IEEE TRANSACTIONS ON IMAGE PROCESSING, VOL. 29, 2020

Motivation

语义分割分为三类：

基于像素级标注的全监督训练
基于目标级标注的弱监督训练（Bbox、spots、scribbles）
基于图像级标注的弱监督训练

基于像素级的标注需要耗费太多精力，本文考虑基于图像级标注来实现语义分割，可以大大减少像素级标注的工作量。

Method

首先通过初始网络生成初始分割结果，再利用图模型优化，指导语义分割模型学习，反复迭代优化。

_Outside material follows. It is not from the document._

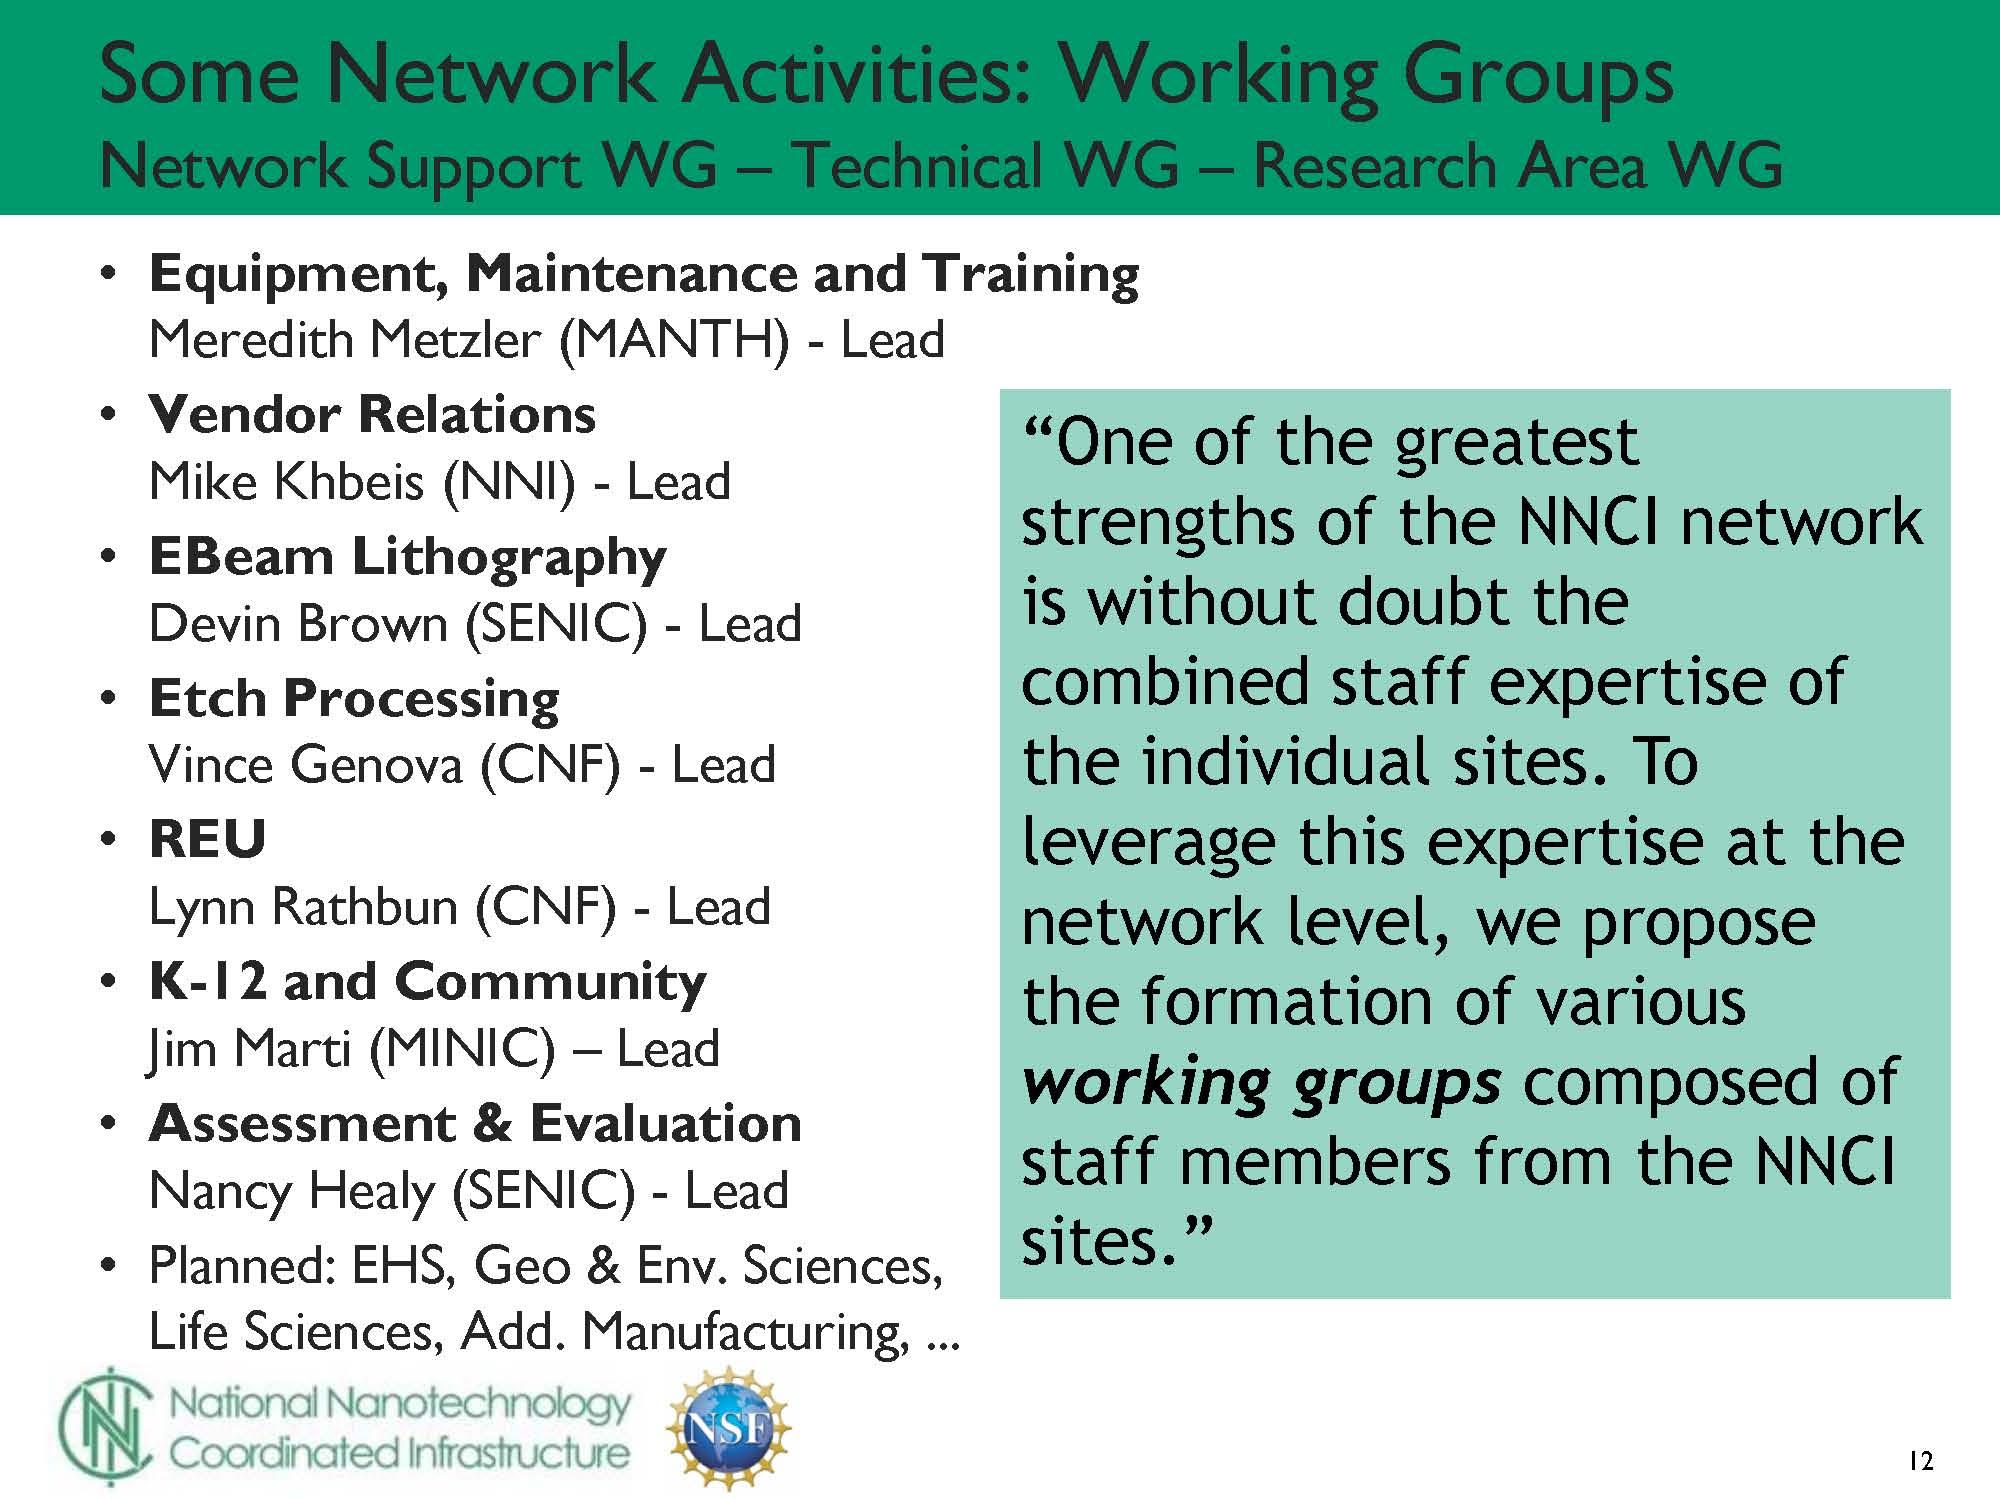 NSF 2017 NanoscienceGrantees Conf - NNCI presentation by Mark Allen_Page_12.jpg

框架分为三部分： coarse mask generation, coarse mask enhancement, recursive mask refinement

Coarse Mask Generation

采用一个8层的CNN结构，能够无监督的方式生成初始分割结果，这一步骤不考虑类别信息。

Coarse Mask Enhancement

通过GrabCut算法优化分割结果。

将类别信息赋值给分割结果，作为语义分割模型的标签指导训练，生成的结果再返回到Coarse Mask Enhancement。

Model Parameterization

Extend the Proposed Framework to Foreground Segmentation

框架可以延伸到前景分割中，提出dilated feature pyramid network ，采用空洞卷积扩大感受野。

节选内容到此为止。